A partir do final dos anos 80, os discos e apresentações tornaram-se mais esparsos: Francisco (1987), Chico Buarque (1989), Paratodos (1993) e As Cidades (1999) foram os mais recentes. O primeiro LP saiu em 1966. De lá para cá, são quase vinte discos-solo, sem contar os projetos e shows gravados. Ele também escreveu peças (Roda Viva, Calabar, com Ruy Guerra, Gota d’Água, com Paulo Pontes, e Ópera do Malandro) e uma “novela pecuária” (Fazenda Modelo).
Nos últimos doze anos, mergulhou na literatura, com Estorvo (1991), Benjamim (1995) e, ano passado, Budapeste. Uma nova face do compositor de olhos ardósia que ainda faz suspirar o público feminino. Um homem, como ele mesmo disse, que “não se veste de celebridade”, ou “um andarilho contumaz”. Que gosta de caminhar, falar sobre futebol – e, às vezes, cantar. “Enquanto eu puder sorrir, enquanto eu puder cantar, alguém vai ter de me ouvir.”
Zero Hora - Junho/2004
Celso Loureiro Chaves/Músico
Ao longo de quatro décadas, o artista se fixou como uma unanimidade, uma instituição nacional, o nosso mestre maior na fabricação de uma poética urbana, baseada na união indissociável entre letra e música
Lembro quando Chico Buarque surgiu. Amanheci tarde para a bossa nova, perdi o seu apogeu e nem me dei conta dos seus estertores. Agora, no início da ditadura, havia toda uma confusão de repertório à minha volta, simbolizada pelas canções da peça Opinião e seus temas políticos indefinidos.
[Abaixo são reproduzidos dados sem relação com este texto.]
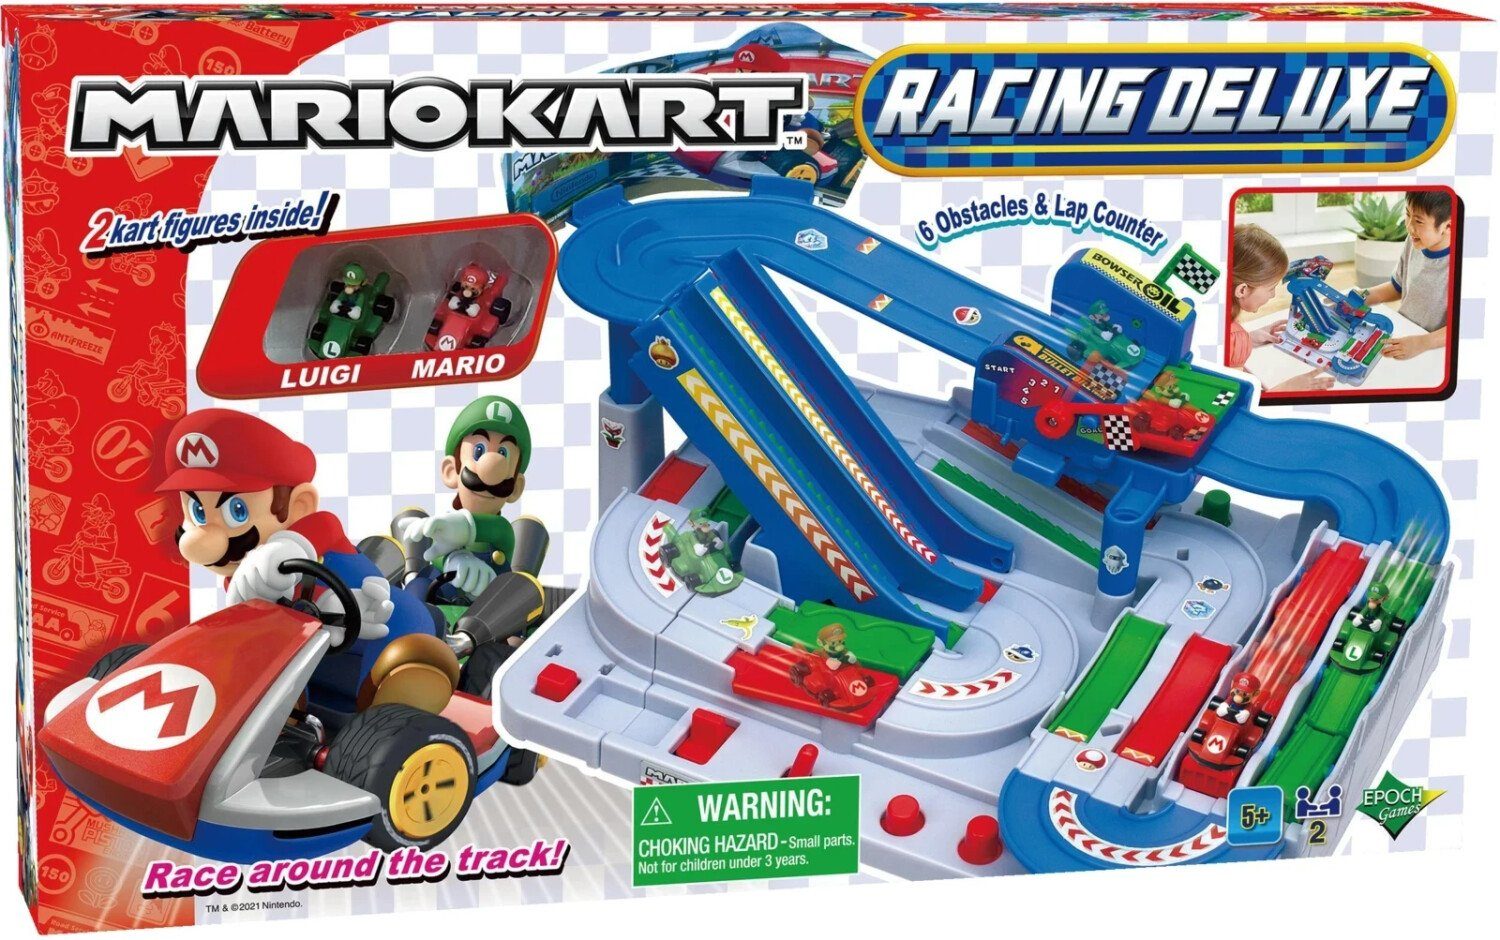 Spiel, Racing Deluxe" Super Kinderspiel "Kart Spieler EPOCH 2 Mario Action-Rennspiel Games

Foi então, em algum momento da segunda metade de 1966, que comecei a ouvir repetidamente, em todo lugar, Pedro Pedreiro, ("esperando o sol, esperando o trem, esperando o aumento para o mês que vem..."). Pois não é que até o incendiário Flávio Cavalcanti, nos seus programas porta-vozes da ditadura, achava "aceitável" a mensagem política daquela letra? Mas Pedro Pedreiro me pareceu muito mais que isso. Ali estava finalmente a recuperação da união indissolúvel entre letra e música que sempre caracterizara a canção brasileira e que se perdera um pouco naqueles anos de indefinição. Finalmente os temas praieiros excessivamente localizados estavam sendo abandonados, recuperando também o foco social afiado que tinha sido a característica, muitas décadas antes, de Noel Rosa.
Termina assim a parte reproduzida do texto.